IN OFFICIAL RELATIONS WITH THE WHO

WORLD HEALTH ORGANIZATION

Lower limb orthosis with polypropylene articulation

Jean Claude Vesan, Orthotist-Prosthetist
This article is a modification of a report from Handicap International and the Hô Chi Minh Ville Rehabilitation Centre for
Disabled Children contributed by Jean Claude Vesan, Orthotist-Prosthetist

Handicap International, like many non-governmental organizations involved in orthopaedic devices, used to focus on prostheses supply, the first priority in post-conflict times. Our actions in low-income countries (often in the framework of community-based programs), where poliomyelitis or cerebral palsy are the major causes of disabilities, has now led us to develop our expertise in the field of orthotics, destined for a more varied and numerous target population.

Traditionally, the most commonly used technology in developing countries has been the metal orthosis (aluminium, steel, etc.), which simply requires basic equipment. On the other hand, this kind of device is heavy and unaesthetic and also obliges one to wear a closed or half-closed shoe, which is hardly supported by children in tropical climates.

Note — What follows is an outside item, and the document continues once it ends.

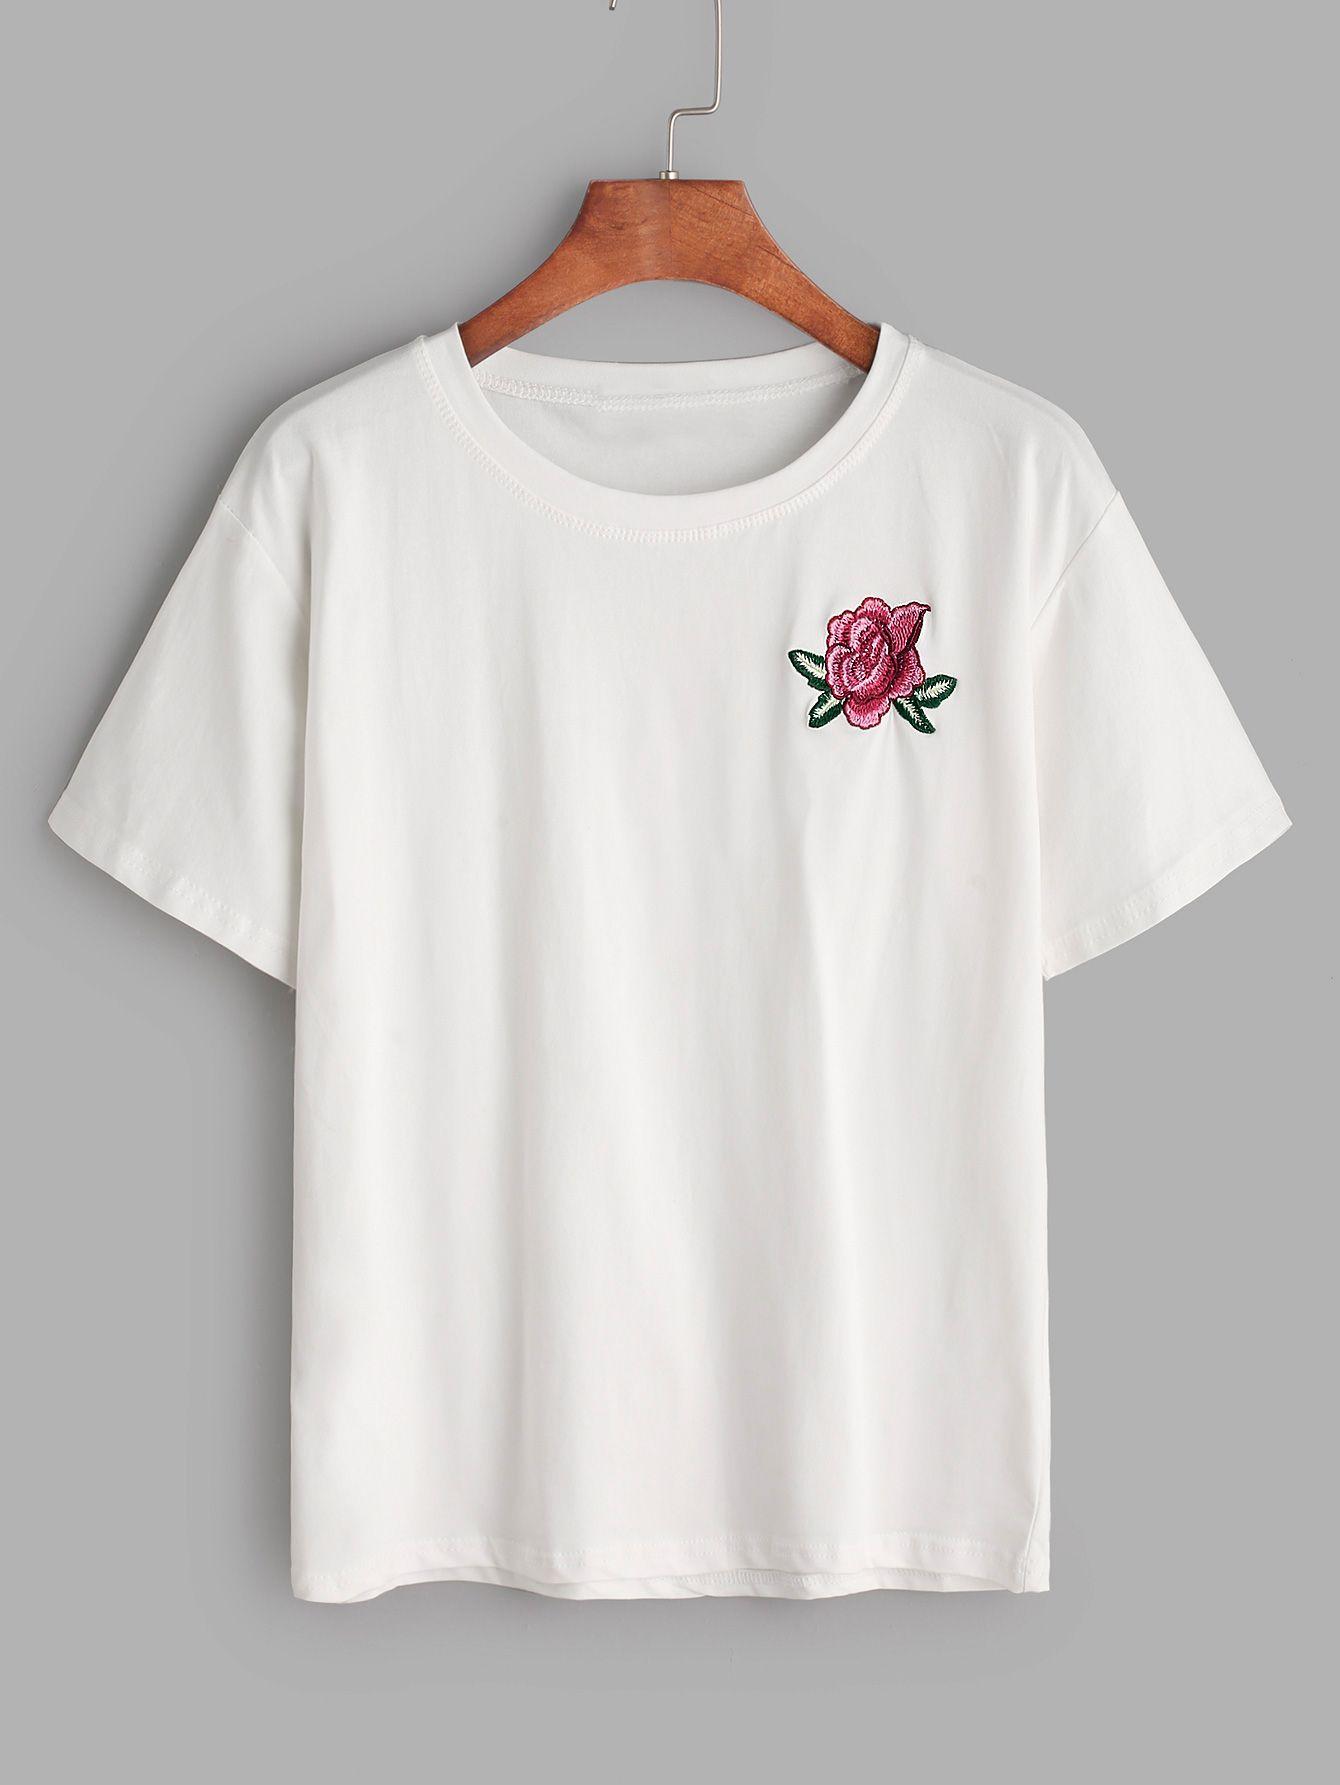 Cotton Linen Mandarin Collar Floral Embroidered Shirt - WHITE 2XL

In addition, the identification and purchasing of good quality sidebars and joints is often a problem.

Thanks to socio-economical progress in some of these countries, a new type of orthosis could be fabricated by different agencies: the "mixed" orthosis. This orthosis uses thermoplastics, which are more comfortable and more precise, and which do not require any special footwear. The purchasing of sidebars and joints for this orthosis, however, is still a problem. This "transitory" technology was already an important step for our beneficiaries. However, in Vietnam, the motivation and the technical level reached by Handicap International's partners allowed us to progress further. In the Hô Chi Minh Ville Rehabilitation Centre for Disabled Children, the polypropylene knee joint for lower-limb orthoses was created, showing new properties:

· Fabricated solely of polypropylene, with the exception of the articulating screws, the straps, and the locks1
· Weight: For a 50 kg user, for example, the knee-ankle-foot orthosis is only 550 g. This is an improvement of approximately 30% in comparison to a mixed orthosis, and a 40% improvement compared to an aluminium orthosis
· Independence from steel joint and sidebar supply
· Improved function of the device, due to the improved stiffness of the knee, maintaining both joints in the proper alignment
· Easy repairs of the lock and the joints
· Wider distribution of the posterior knee pressures, allowing more comfort, particularly in case of genu (knee) recurvatum
· Cost of the device, decrease for the joints and sidebars
· No particular knowledge or material needed

Fabrication
This technical description will only be related to the specific process, not the general principles of any orthotic device. In addition to the basic material used for mixed orthoses, a polypropylene joint requires:
· One alignment guide, composed of a threaded rod with an 8 mm diameter, and two aluminium cylindrical pieces of 35 mm diameter

· One 6 mm drill, to be used for rounding off the joints' heads
· One hinge, used for the making extension stop
· One circular saw with a 100 mm blade, to be adapted on a drill for the manufacturing of the extension block stops

Required Materials

Casting & measurements
The patient is standing in a corrected position, the hip joint in 6o of external rotation, knee straight, and ankle at 90o. Particular attention must be paid to the following measurements:
· Diameter above the condyles
· Knee joint axis diameter
· Ankle malleolus diameter

Positive Mold

Positive mold plaster correction
Taking these measurements into account, rectifications are performed on the anterior of the leg cast in order to make the donning of the orthosis easier.

Joints guide positioning
Thanks to a round "surform" file, the positive mould is carved to make room for the alignment guide. To increase the security of the lock, the alignment guide should be placed in a more posterior position than normally placed. A minimum distance of 1cm behind the joint's physiological axis is appropriate. The alignment guide protrudes on each side (medially and laterally) of the positive mold, by 3 mm.